High Promoter Holding Stocks under Rs 200: When it comes to investing, there are numerous factors to consider before buying a stock. However, one of the fundamental criteria that can indicate the potential of a business is the percentage of ownership held by its promoters in the company. In this article, we will go through some of the top high promoter holding stocks under Rs 200 from different sectors and analyze them…
High Promoter Holding Stocks Under Rs 200
For our study, we’ll read about the business and operations of five companies from various industries. Without any further delay, let us look at the 5 stocks we have selected under Rs 200 and above Rs 100.
High Promoter Holding Stocks Under Rs 200 #1 – JTEKT India
JTEKT India Limited, a part of JTEKT Corporation Japan, is an integral part of JTEKT Group India.
It is engaged in the manufacture, supply and sale of steering systems, viz. steering gears, columns and RPS assemblies, axle assemblies and other auto ancillaries to most Indian passenger car and utility vehicle manufacturers.
The company has seven strategically positioned plants in Gurgaon, Bawal, Dharuhera, Sanand, and Sriperumbudur from which it serves key customers throughout India and major auto clusters throughout the country.
|CMP||₹ 136.55||Market Cap (Cr.)||₹ 3,338.38|
|RoE||13.06 %||RoCE||16.3 %|
|Promoter Holding||73.98%||Current ratio||1.78|
|Debt to Equity||0.08||Price to Book Value||4.63|
|Net Profit Margin||4.26%||Operating Margin||9.14%|
Its major customers include large vehicle manufacturers in India such as Maruti Suzuki, Honda, Toyota, Tata Motors and Mahindra & Mahindra
It exports high-quality precision products to the United States, Europe, and Japan both independently and through its network of overseas joint-venture partners.
The company financials show that the company increased its revenue from ₹1,753.97 crores in FY19 to ₹2,043.93 crores in FY23. During the same period, its profits have increased from ₹78.26 Crores to ₹87.12 Crores.

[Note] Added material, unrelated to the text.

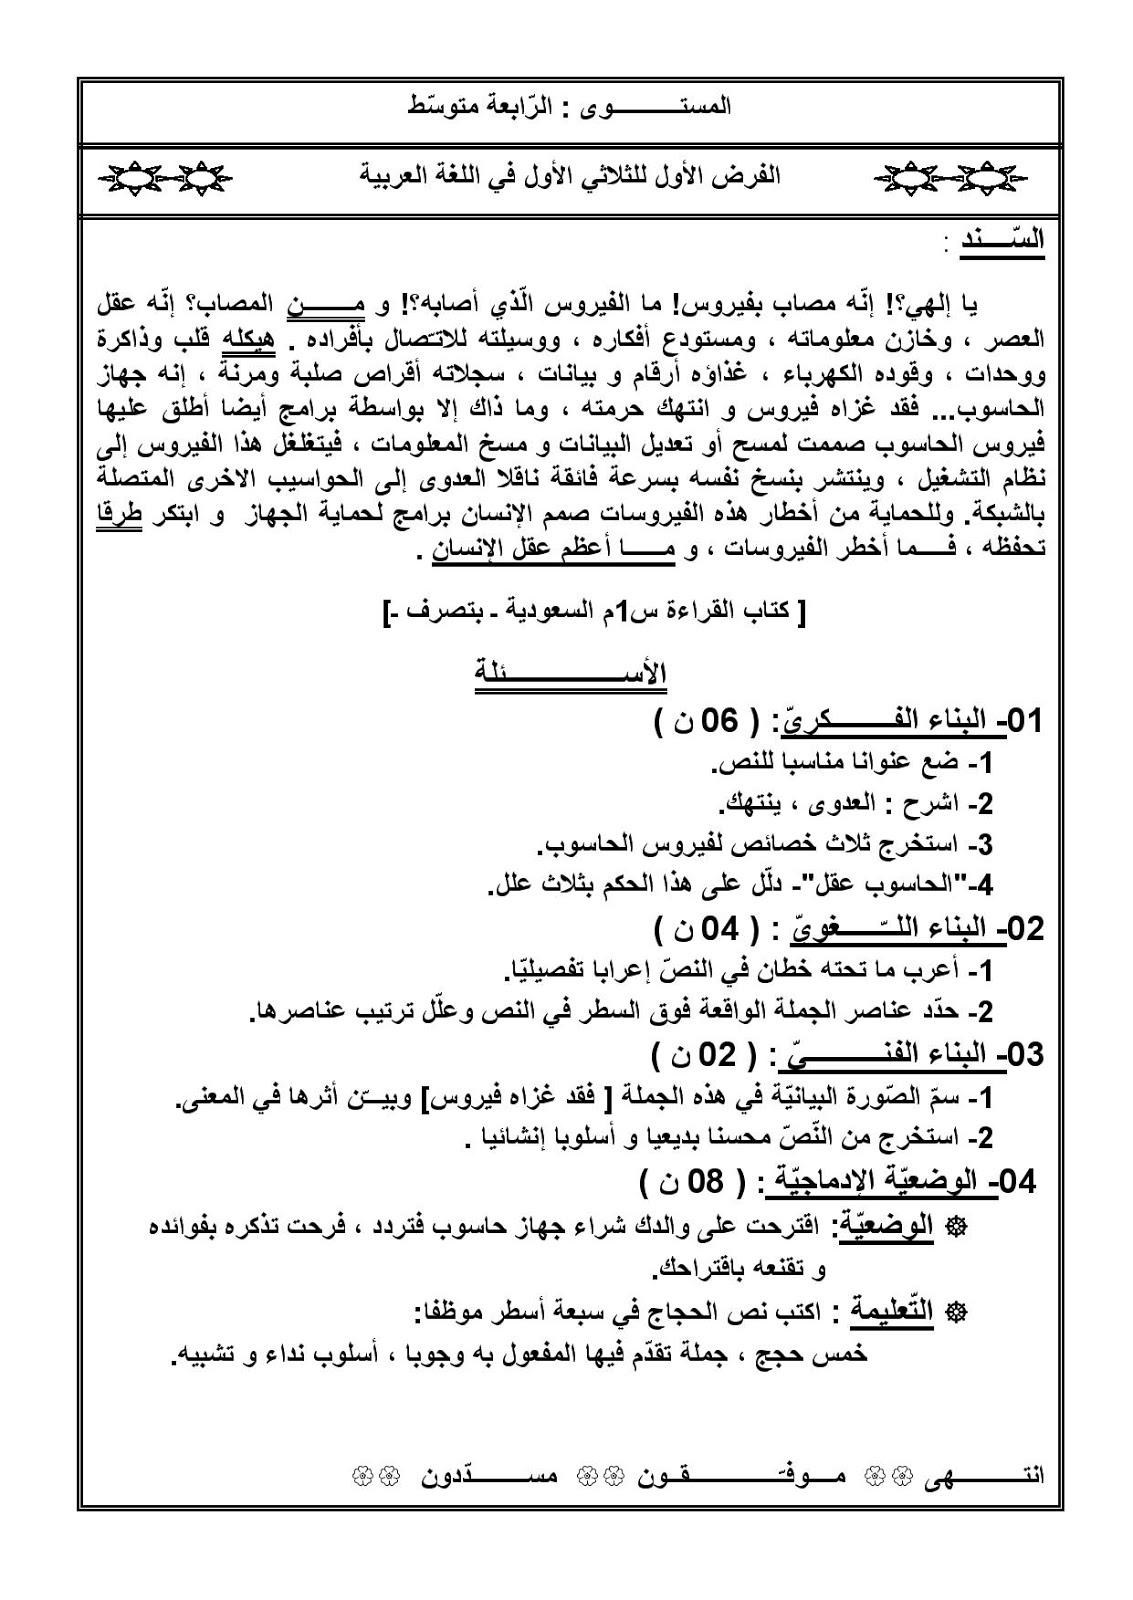 الفرض الاول للثلاثي الأول في اللغة العربية

Coming to the return ratios, its ROE and RoCE stood at 13.06% and 16.3% respectively, which suggests slightly below efficiency in the utilization of company resources.
The debt-to-equity ratio of 0.08 suggests that the company has low debt and primarily uses its own funds to run its operations.
Currently, the company has a price-to-book value of 4.63 which indicates that the current market price of the company is trading at a premium.
Coming to the shareholding pattern of the company, the promoters have consistently held a stake of 73.98% over the last few quarters.
High Promoter Holding Stocks Under Rs 200 #2 – Grauer & Weil (India)
Second, we have Grauer & Weil (India) a small cap stock belonging to the Chemical sector having a market capitalization of ₹2,763.54 Crores as of 13th October 2023.
Incorporated in 1957, Grauer & Weil (India) (GWL) is one of the few companies in the world that is a global provider of comprehensive coating solutions.
It is a versatile company involved in various industries, including chemicals, engineering, paints, lubricants, and real estate, operating across both domestic and international markets. The company’s operations are organized into three key segments: Surface Finishing, Engineering, and Mall.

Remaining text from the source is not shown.